The CSIS 20 critical controls are known for driving effective security programs across government agencies, establishing guidelines for security professionals to ensure the confidentiality, integrity and availability of information technology assets. This session will discuss best practices for automation of these controls to drastically lower costs while enabling more successful implementations.
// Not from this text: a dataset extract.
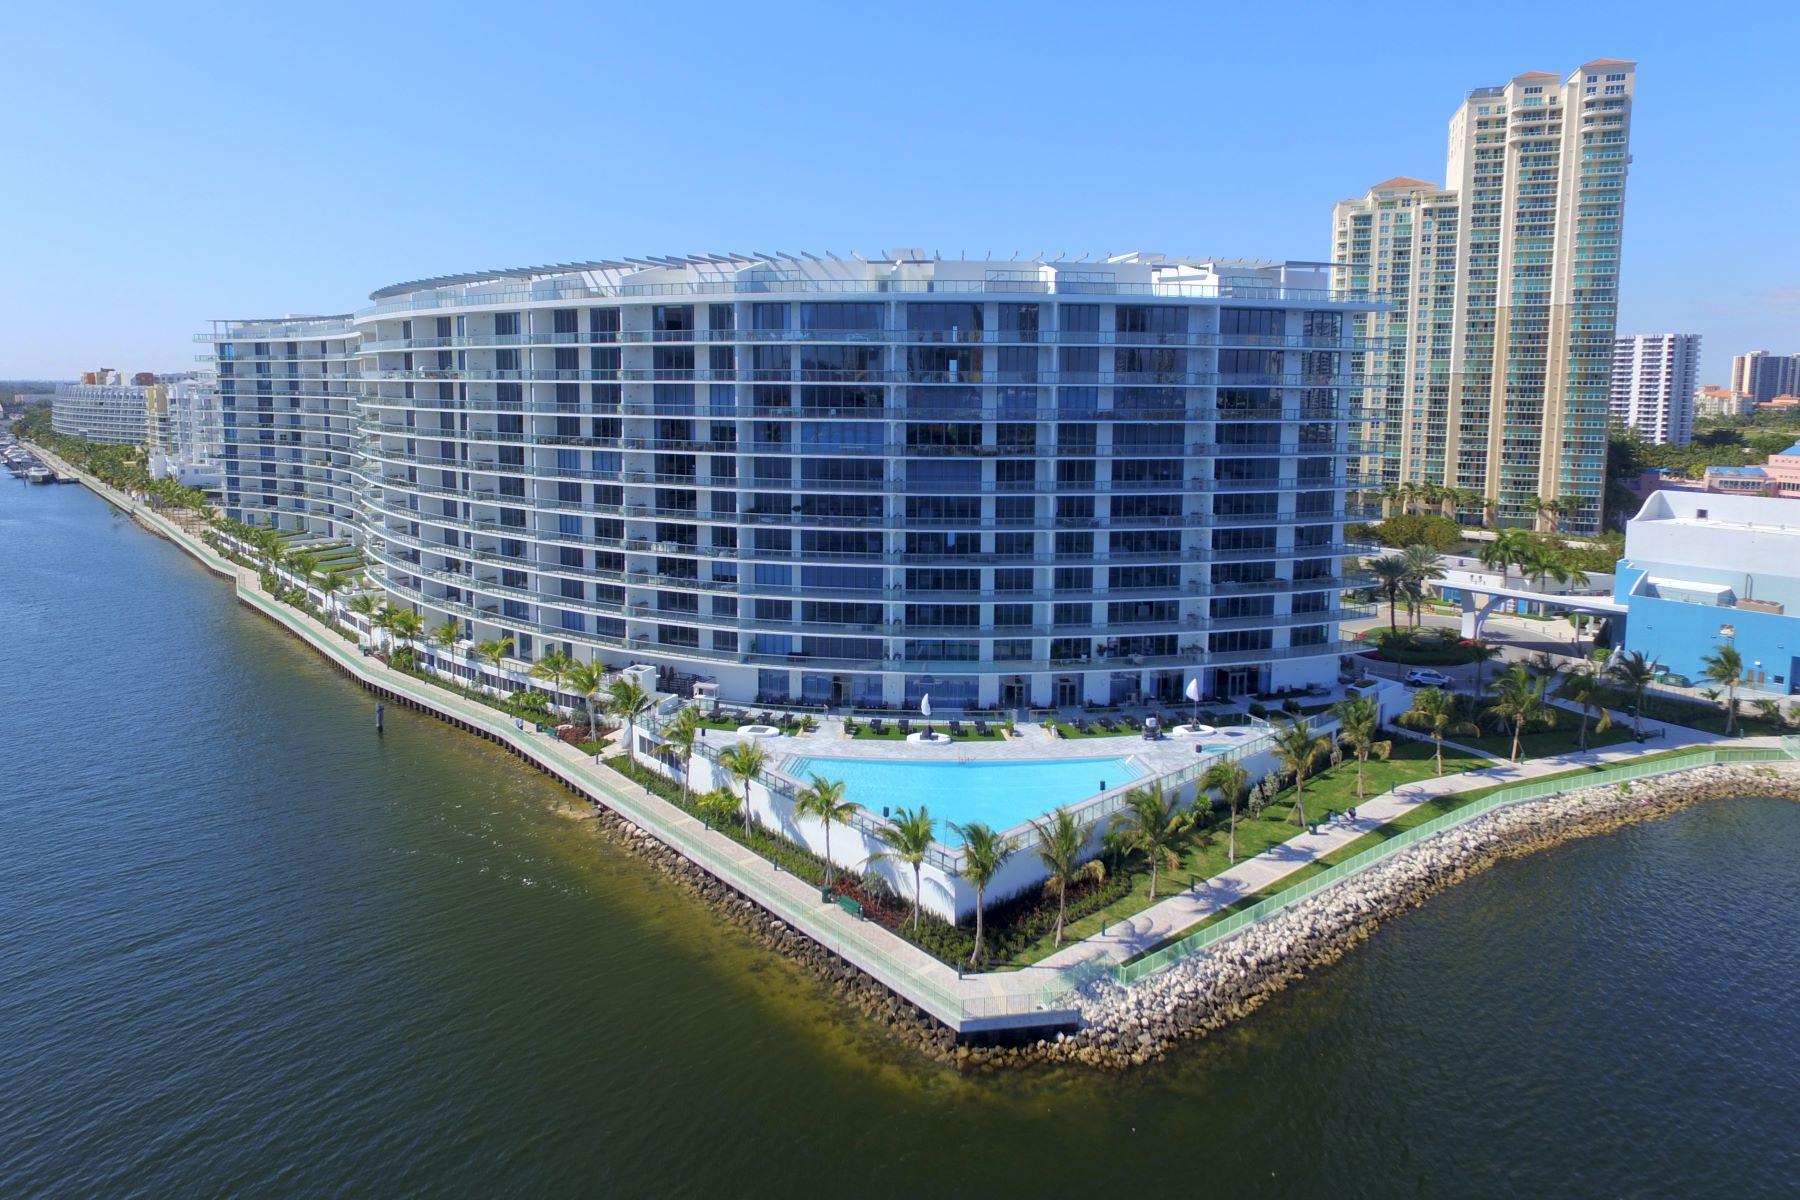 Condominio por un Venta en 3250 Ne 188th St #603 3250 Ne 188th St 603 Aventura, Florida, 33180 Estados Unidos
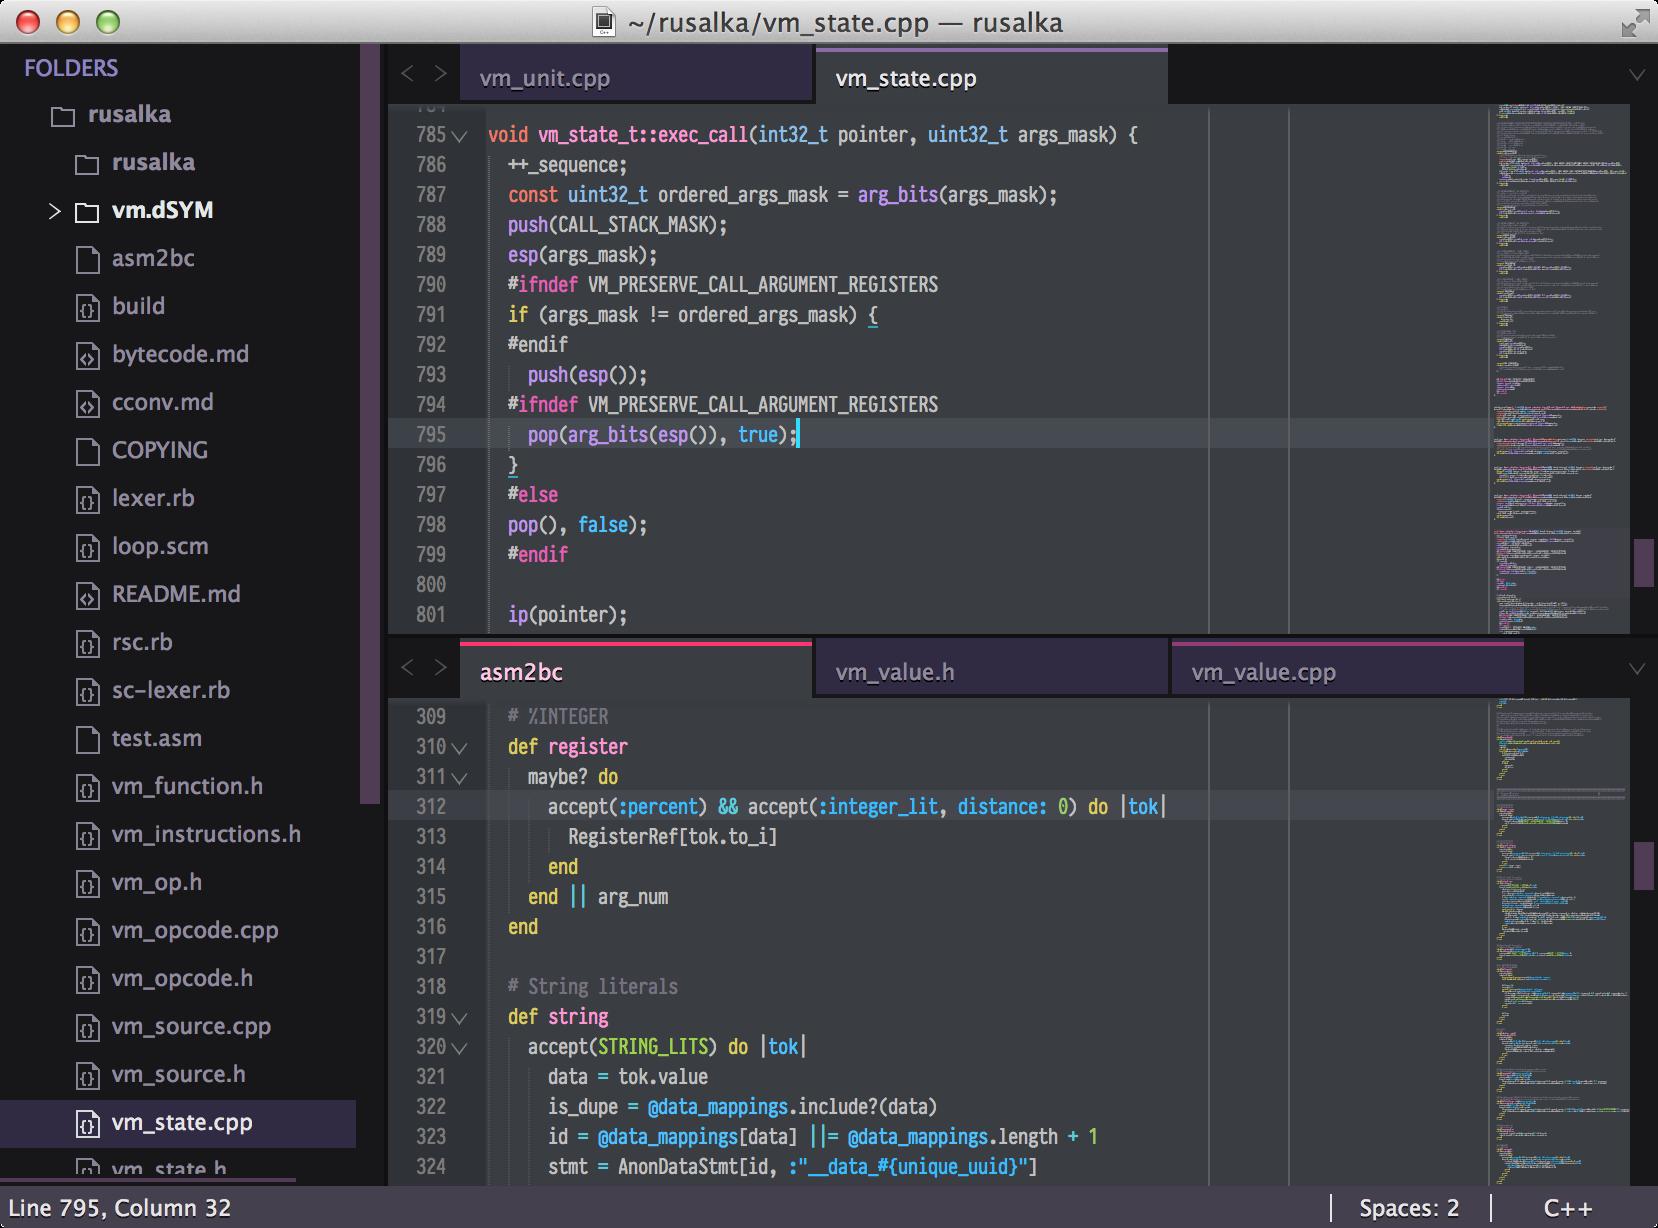 Freesia Theme Integrated development environment, Coding

As the CTO for Qualys, Wolfgang Kandek is responsible for innovation and research aspects of the QualysGuard platform. Kandek has over 20 years of experience in developing and managing information systems. His focus has been on Unix-based server architectures and application delivery through the Internet. Prior to joining Qualys, he was Director of Network Operations at the Online Music streamingcompany myplay.com and at iSyndicate, an Internet media syndication company. He earned an M.S. and a B.A. in computer science from the Technical University of Darmstadt, Germany. He is a frequent speaker at security events including Black Hat, RSA Conference, InfoSecurity UK and The Open Group. He is the main contributor to the Laws of Vulnerabilities blog.
With 20+ years of experience leading teams to design, implement and operate secure networks and computer systems, Andrew oversees the security, risk management and compliance of Qualys' enterprise and SaaS environments. Prior to Qualys, he managed the team responsible for the design, implementation and operation of security solutions for EMC's SaaS offerings. Prior to EMC, he was the Chief Security Officer at Transaction Network Services. He has also held leadership roles with large network service providers including BT and Sprint. Andrew has a master's degree in electrical engineering from George Washington University and a bachelor's degree in electrical engineering from the United States Military Academy. He is a veteran of the US Army.